— Data shown —
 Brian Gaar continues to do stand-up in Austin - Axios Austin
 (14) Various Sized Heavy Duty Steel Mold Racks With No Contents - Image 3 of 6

---

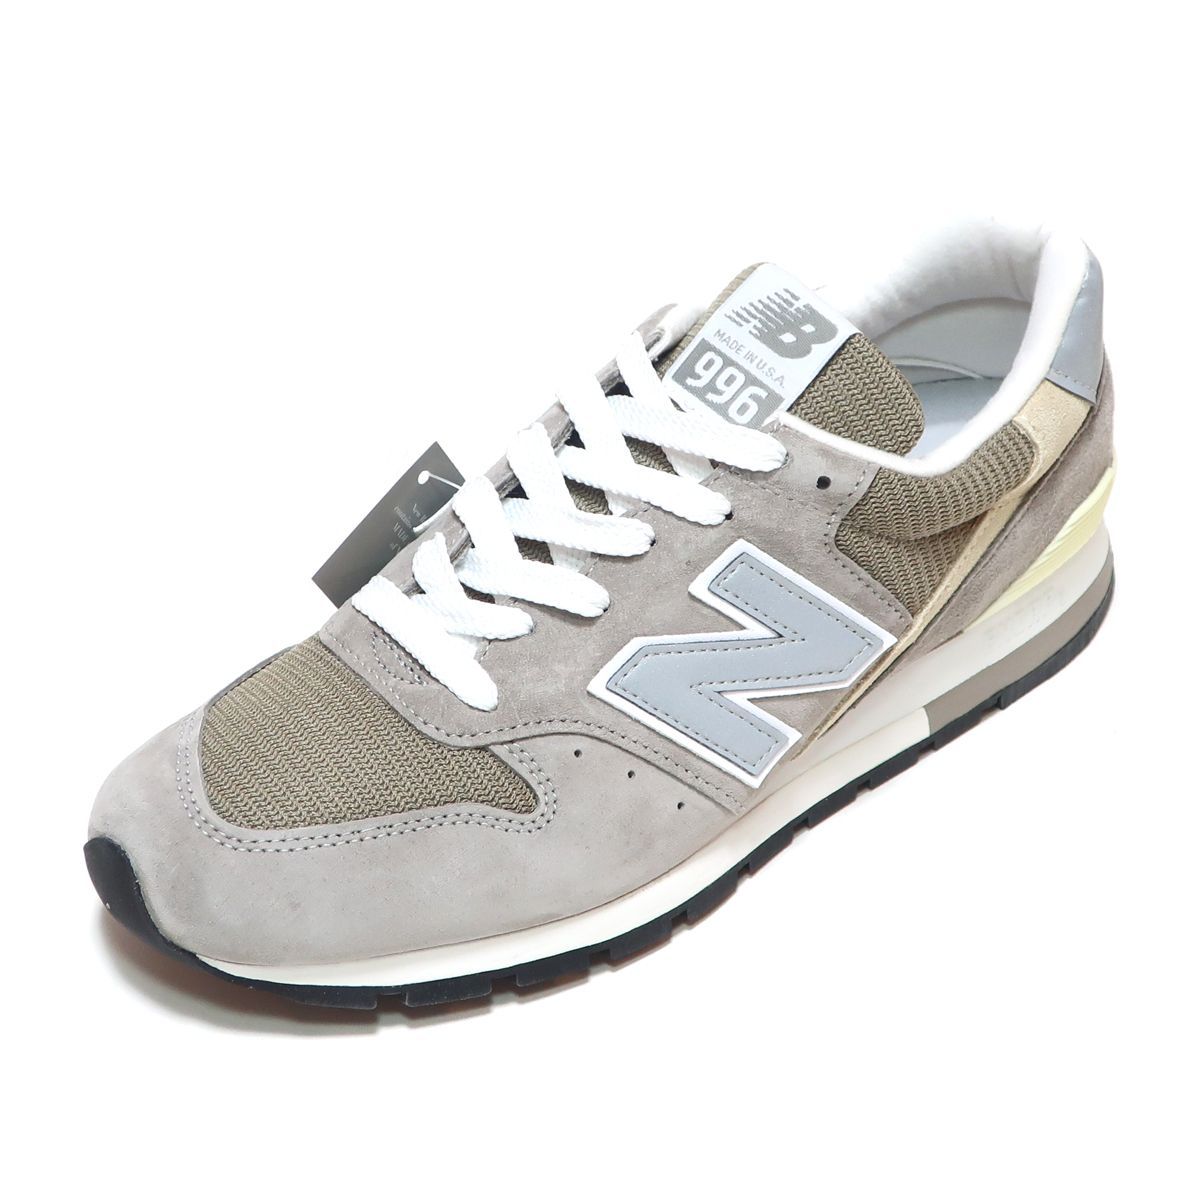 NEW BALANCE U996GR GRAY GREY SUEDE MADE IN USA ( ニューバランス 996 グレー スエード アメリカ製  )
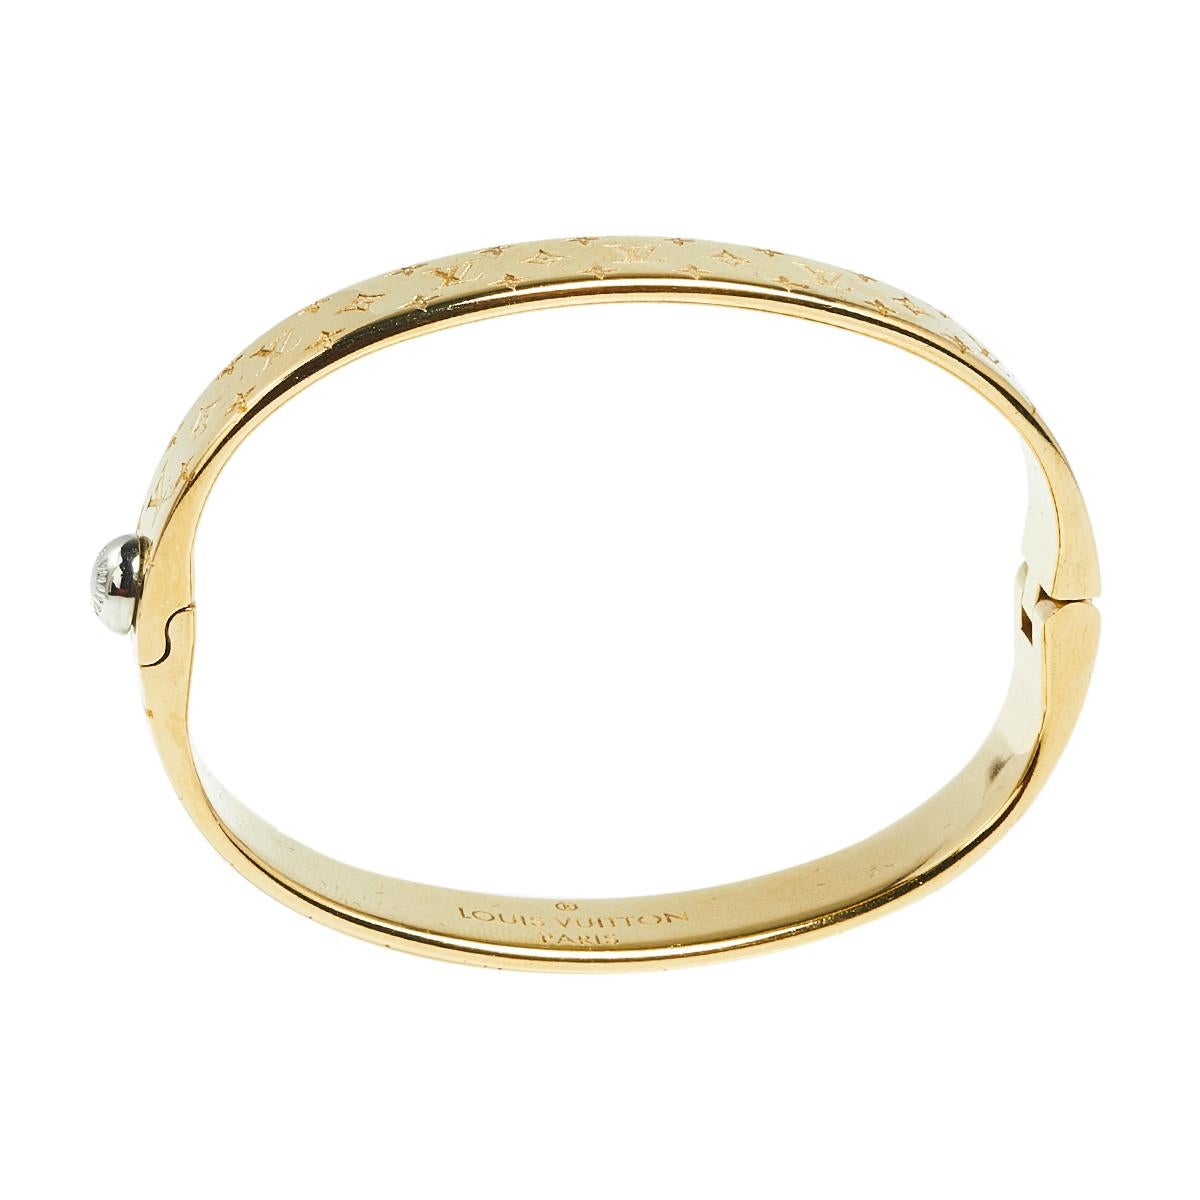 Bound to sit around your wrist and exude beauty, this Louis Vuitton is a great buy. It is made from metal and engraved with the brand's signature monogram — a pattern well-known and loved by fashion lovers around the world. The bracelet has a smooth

* * *

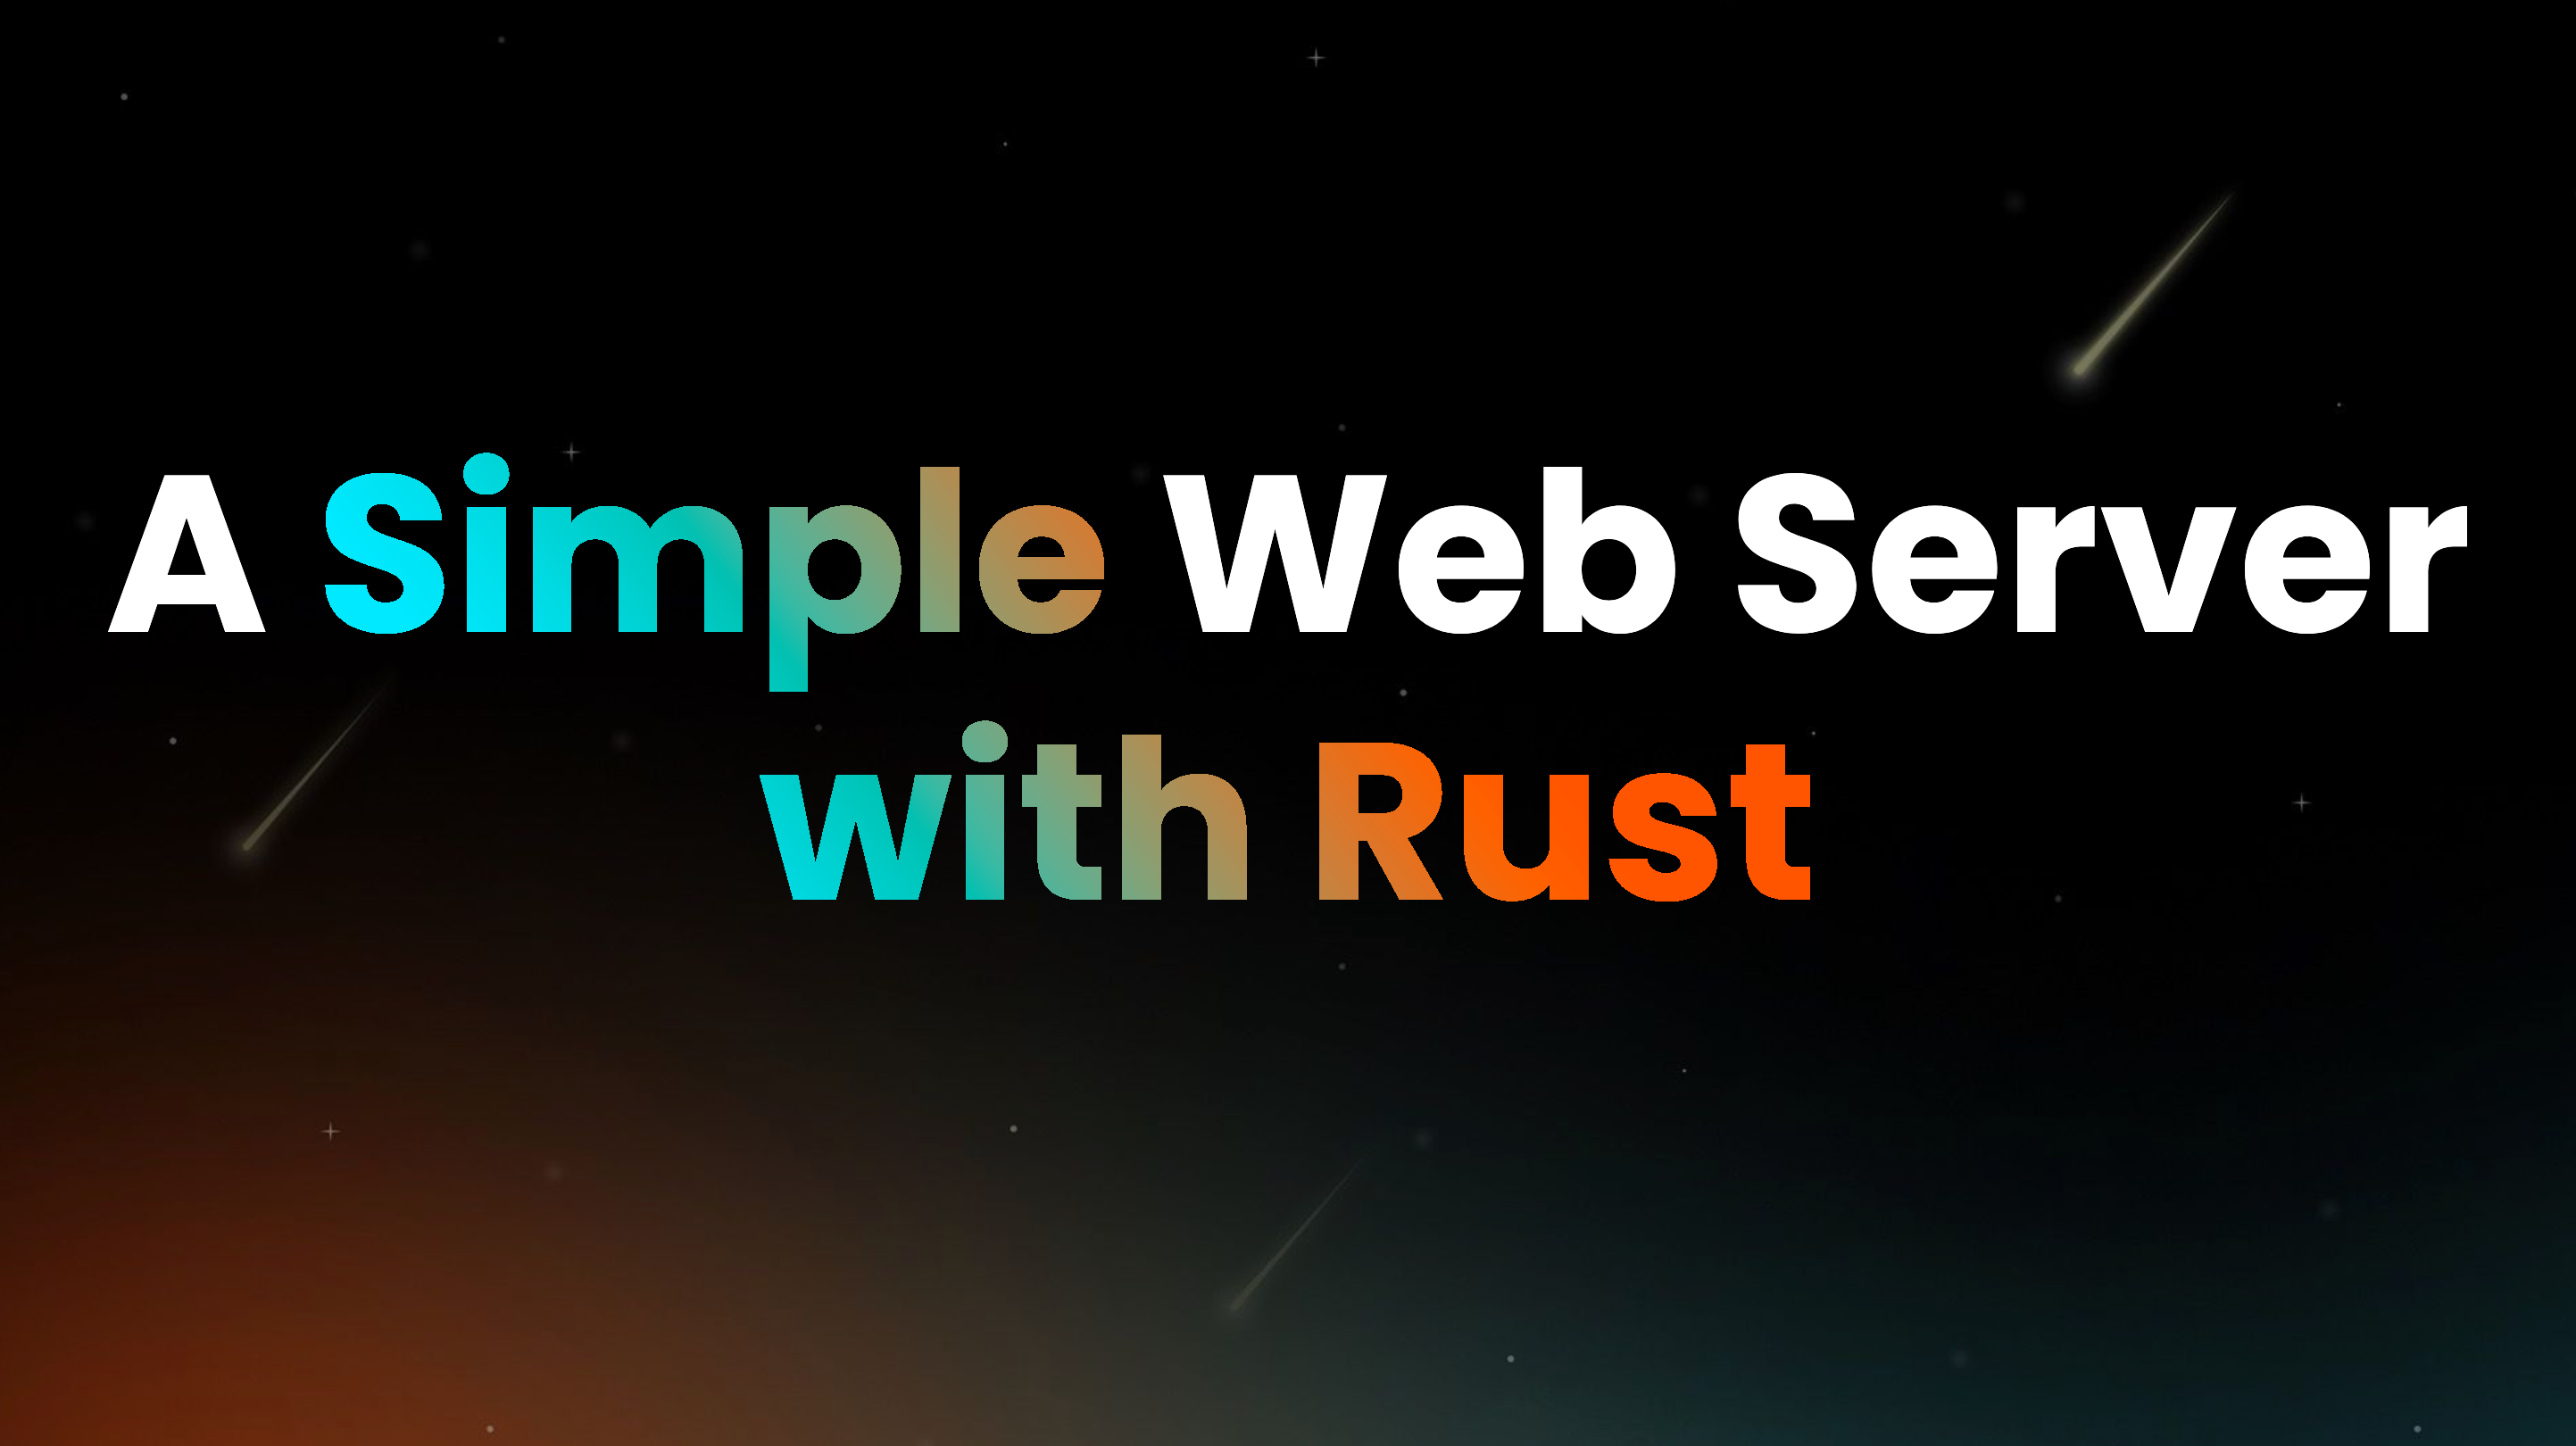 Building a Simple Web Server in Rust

— Required action —
Of the entries listed above, reproduce only the lines starting at the line containing "Brian Gaar continues" and ending at the line containing "(14) Various Sized". Include both, exactly as they stand.

— Answer section —
 Brian Gaar continues to do stand-up in Austin - Axios Austin
 (14) Various Sized Heavy Duty Steel Mold Racks With No Contents - Image 3 of 6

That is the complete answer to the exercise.